But we young men should grow up instead of just growing old. We need to quit using violence to compensate the fear that we have inside. Fear that we project to the outside and then run fighting against it. Fear that threatens to strangle the whole globe.

I hope more and more young men start to become fighters against that fear, freedom fighters. What about using all our male strength in body and mind for the protection of our planet?

If this movement of courageous soldiers who say “NO!” to war – inside or outside – as the first Israeli soldiers do right now, would grow bigger, big enough that the discriminating punishments can not be kept up, then I could believe in a beginning peace process.

They need our support now. The support of their mothers, who do not want to loose their sons, of their fathers, who might serve in the army themselves but nevertheless recognize the new, of their friends who know that it is easier to be courageous together.

They need the support of international peace workers and peace initiatives who can provide rest, healing and a new orientation - simply through the advantage of not being involved directly.
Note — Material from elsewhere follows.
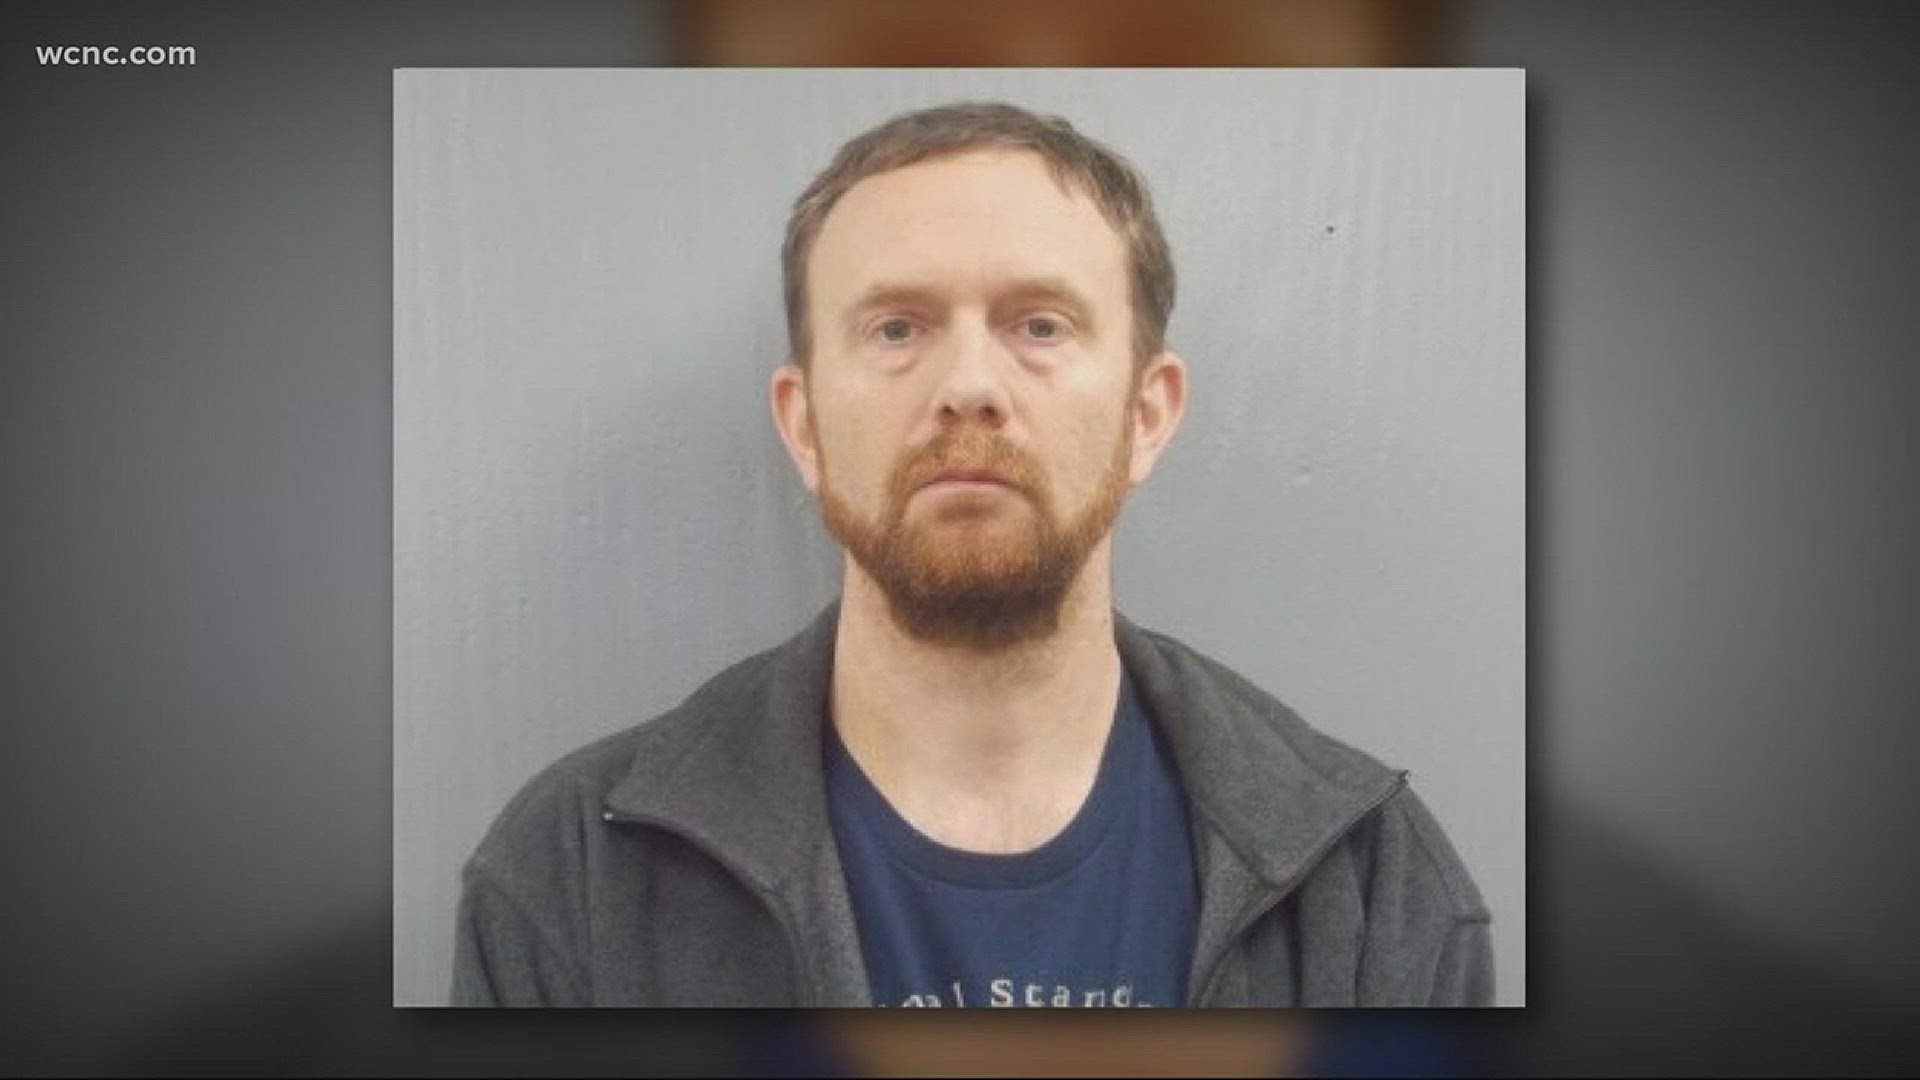 Former teacher arrested for sexual misconduct
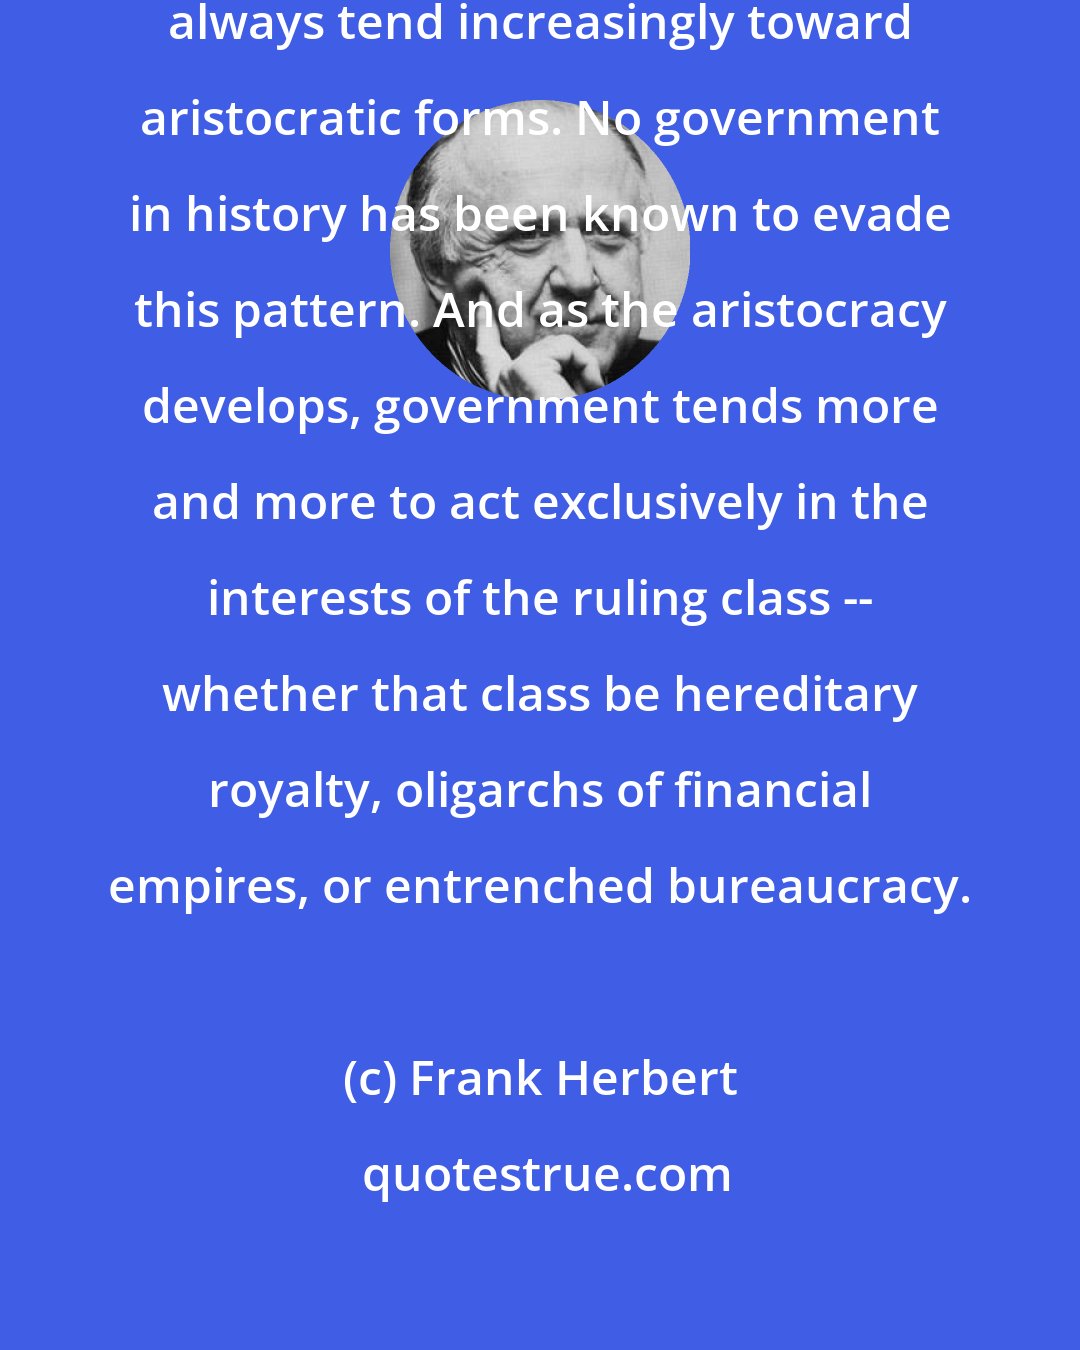 Frank Herbert: Governments, if they endure, always tend increasingly toward aristocratic forms. No government in history has been known to evade this pattern. And as the aristocracy develops, government tends more and more to act exclusively in the interests of the ruling class -- whether that class be hereditary royalty, oligarchs of financial empires, or entrenched bureaucracy.

And then we all need a perspective, a peace plan in which we can believe.

We need models for this peace. Places where peace can be researched, seen and felt. Places where peace and trust can grow between humans, between humans and animals, plants and all of creation.

May these courageous soldiers be the beginning of a stronger global peace movement.

May they grow into part of a movement for a free earth.

Shalom and Salaam!

[Source: IGF - Institut für Globale Friedensarbeit (Institute for Global Peace Work), Monte do Cerro, P-7630 Colos, www.tamera.org, igf@tamera.org, Tel: +351-283 635 3-06, Fax: -74 ]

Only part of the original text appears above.